Give back, word for word, the lines in the listing below from the one holding "Crown Trifari Vermeil" down to the one holding "Casa da Eira, Cadaval", both ends included.

* [Dataset content]:
++++++++++++++++++++

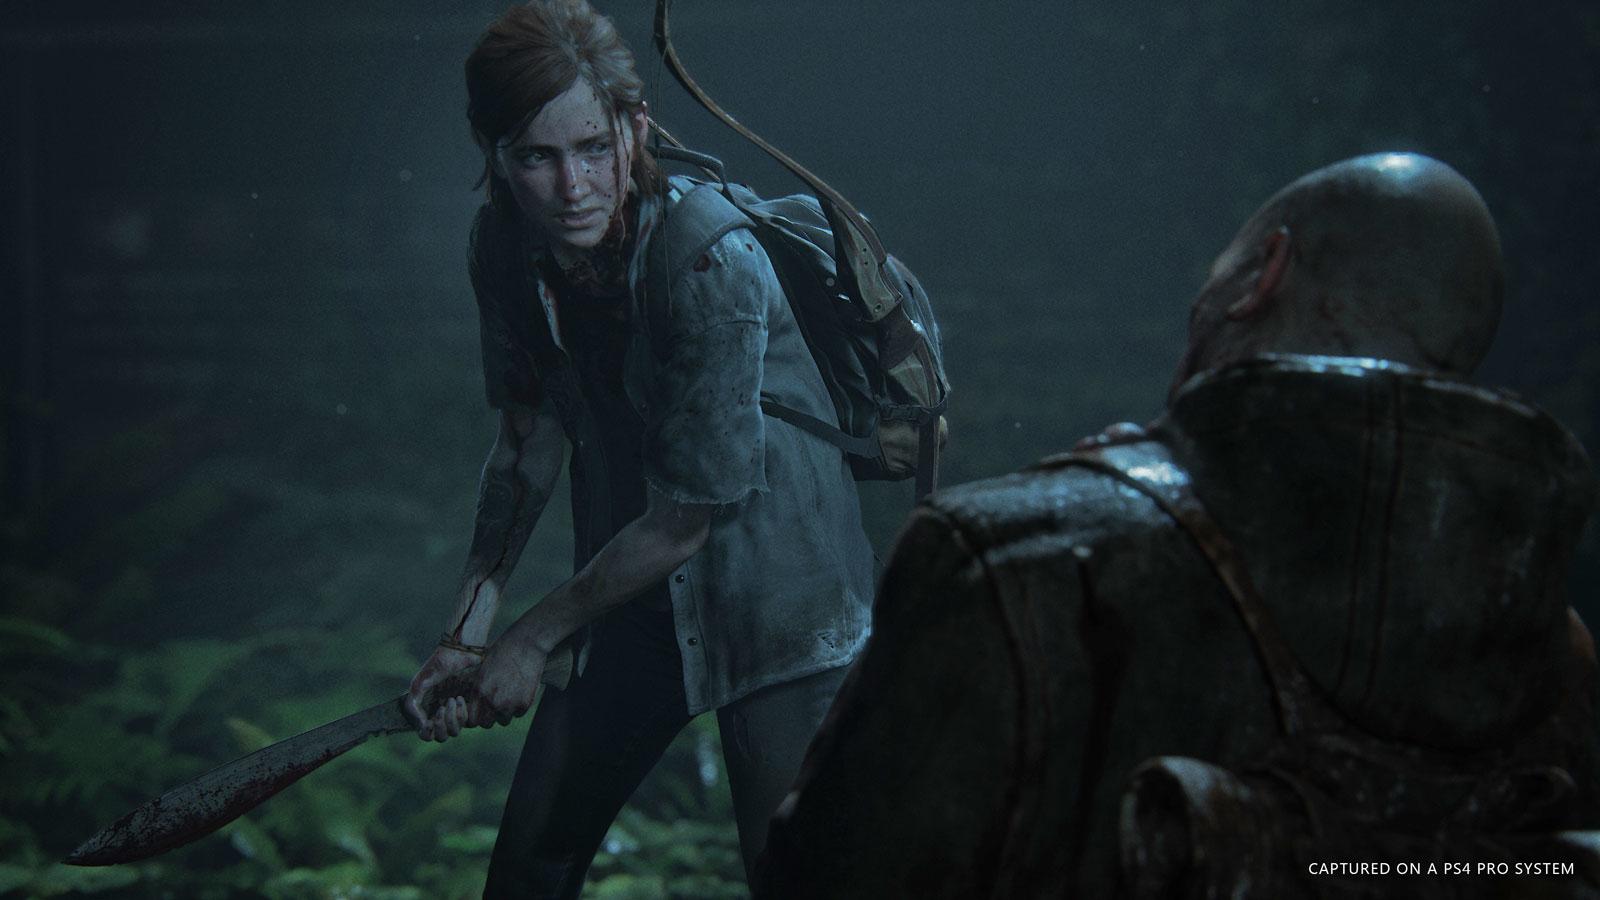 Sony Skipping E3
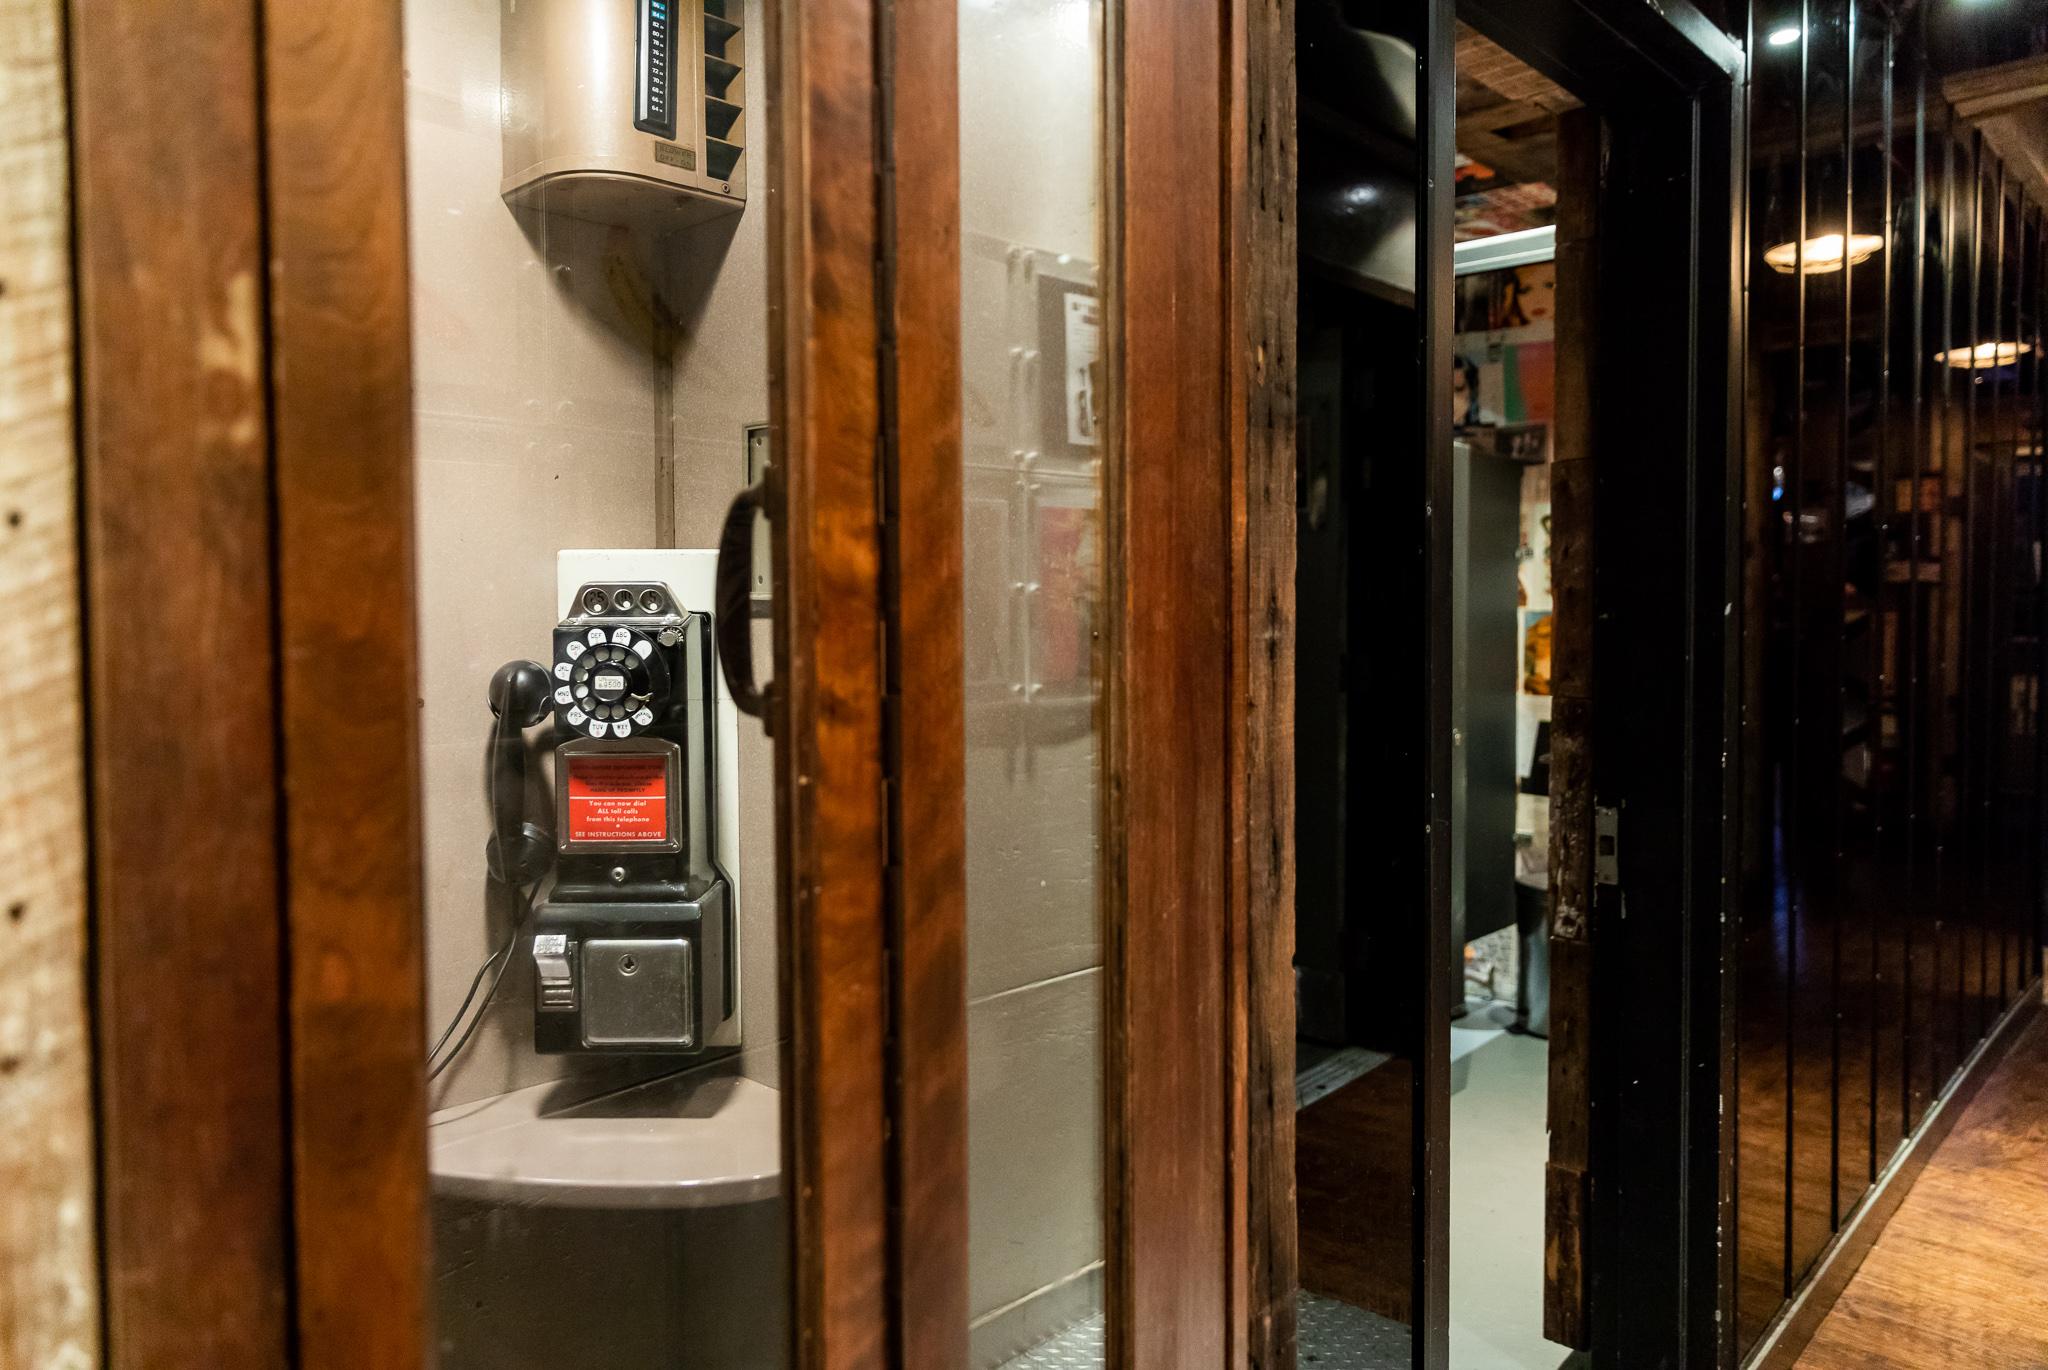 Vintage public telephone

++++++++++++++++++++

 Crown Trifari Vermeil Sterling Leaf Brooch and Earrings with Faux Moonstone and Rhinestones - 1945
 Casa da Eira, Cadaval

++++++++++++++++++++

* [Written answer]:
 Crown Trifari Vermeil Sterling Leaf Brooch and Earrings with Faux Moonstone and Rhinestones - 1945
 Casa da Eira, Cadaval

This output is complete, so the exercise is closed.